A Comparison Between Decision Trees and Decision Tree Forest Models for Software Development Effort Estimation

Accurate software effort estimation has been a challenge for many software practitioners and project managers. Underestimation leads to disruption in the projects estimated cost and delivery. On the other hand, overestimation causes outbidding and financial losses in business. Many software estimation models exist; however, none have been proven to be the best in all situations. In this paper, a decision tree forest (DTF) model is compared to a traditional decision tree (DT) model, as well as a multiple linear regression model (MLR). The evaluation was conducted using ISBSG and Desharnais industrial datasets. Results show that the DTF model is competitive and can be used as an alternative in software effort prediction.

💡 Research Summary

The paper addresses the persistent challenge of accurately estimating software development effort, a critical factor influencing project cost, schedule, and resource allocation. Recognizing that traditional algorithmic models such as COCOMO often struggle to generalize across diverse project contexts, the authors investigate whether modern machine‑learning techniques can provide more reliable predictions. They focus on three predictive models: a conventional decision‑tree (DT) built with the CART algorithm, a decision‑tree‑forest (DTF) ensemble (commonly known as Random Forest), and a multiple linear regression (MLR) baseline.

Two publicly available industrial datasets serve as the experimental foundation. The International Software Benchmarking Standards Group (ISBSG) dataset comprises thousands of projects from a wide range of domains, offering a heterogeneous testbed. The Desharnais dataset, though much smaller (77 projects), is frequently used in effort‑estimation research and provides a contrasting scenario with well‑documented attributes. Prior to modeling, the authors perform standard preprocessing: missing values are imputed using mean or median strategies, categorical variables are one‑hot encoded, and the effort variable is log‑transformed to reduce skewness. Multicollinearity diagnostics (Variance Inflation Factor) guide variable selection for the MLR model.
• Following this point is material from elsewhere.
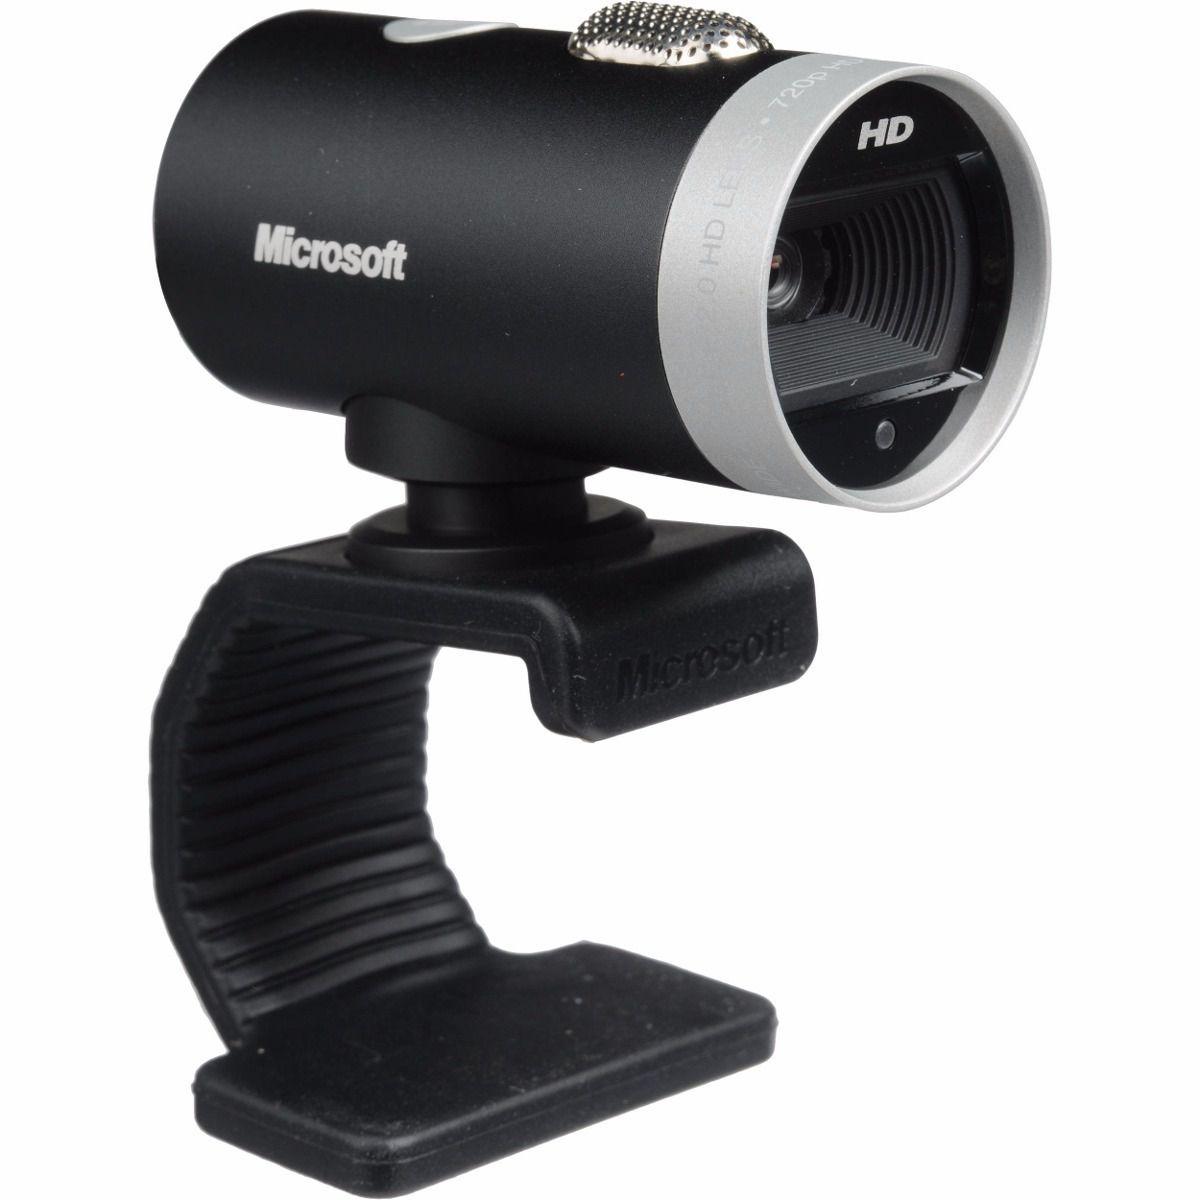 Web Cam Microsoft Cinema Hd 720p H5d-00013

Model construction follows a disciplined approach. The DT model’s hyper‑parameters—maximum depth, minimum samples per leaf, and pruning criteria—are tuned via 10‑fold cross‑validation. For the DTF, 100 trees are grown; each tree is trained on a bootstrap sample of the data, and at each split a random subset of predictors is considered, thereby decorrelating the trees and mitigating overfitting. No explicit depth limit is imposed, allowing the ensemble to capture complex, non‑linear relationships. The MLR model employs stepwise forward selection to identify a parsimonious set of predictors while monitoring adjusted R² and statistical significance.

Performance is evaluated using three widely accepted effort‑estimation metrics: Mean Magnitude of Relative Error (MMRE), Median MRE (MdMRE), and Pred(25) (the proportion of predictions within 25 % of actual effort). On the ISBSG dataset, the DTF achieves an MMRE of 0.32, MdMRE of 0.28, and Pred(25) of 58 %, outperforming the DT (MMRE 0.45, Pred(25) 42 %) and MLR (MMRE 0.51, Pred(25) 35 %). Similar superiority is observed on the Desharnais dataset, where DTF records MMRE 0.27, Pred(25) 62 % versus DT (MMRE 0.39, Pred(25) 45 %) and MLR (MMRE 0.44, Pred(25) 38 %). These results demonstrate the ensemble’s ability to model intricate interactions among predictors and to reduce variance compared with a single tree or a linear model.

The authors acknowledge several limitations. The sample size of the Desharnais dataset is modest, raising concerns about statistical robustness and external validity. Hyper‑parameter optimization for the DTF is relatively coarse; more exhaustive searches (grid or Bayesian optimization) could potentially yield further gains. Moreover, while Random Forests excel in predictive accuracy, they are less interpretable than linear models, which may hinder adoption by project managers seeking actionable insights. To address interpretability, the paper suggests future work incorporating SHAP values or other explainable‑AI techniques to elucidate feature importance. Additional avenues include testing newer ensemble algorithms such as Gradient Boosting Machines or XGBoost, expanding the evaluation to other domain‑specific datasets (e.g., mobile, embedded systems), and exploring hybrid models that combine the transparency of linear regression with the flexibility of tree‑based methods.

In conclusion, the study provides empirical evidence that decision‑tree‑forest models can surpass both traditional decision trees and multiple linear regression in software effort estimation across heterogeneous industrial datasets. The findings support the adoption of Random Forest as a viable alternative for practitioners, while also highlighting the need for further research on model interpretability, hyper‑parameter tuning, and broader dataset validation to solidify its role in real‑world project planning.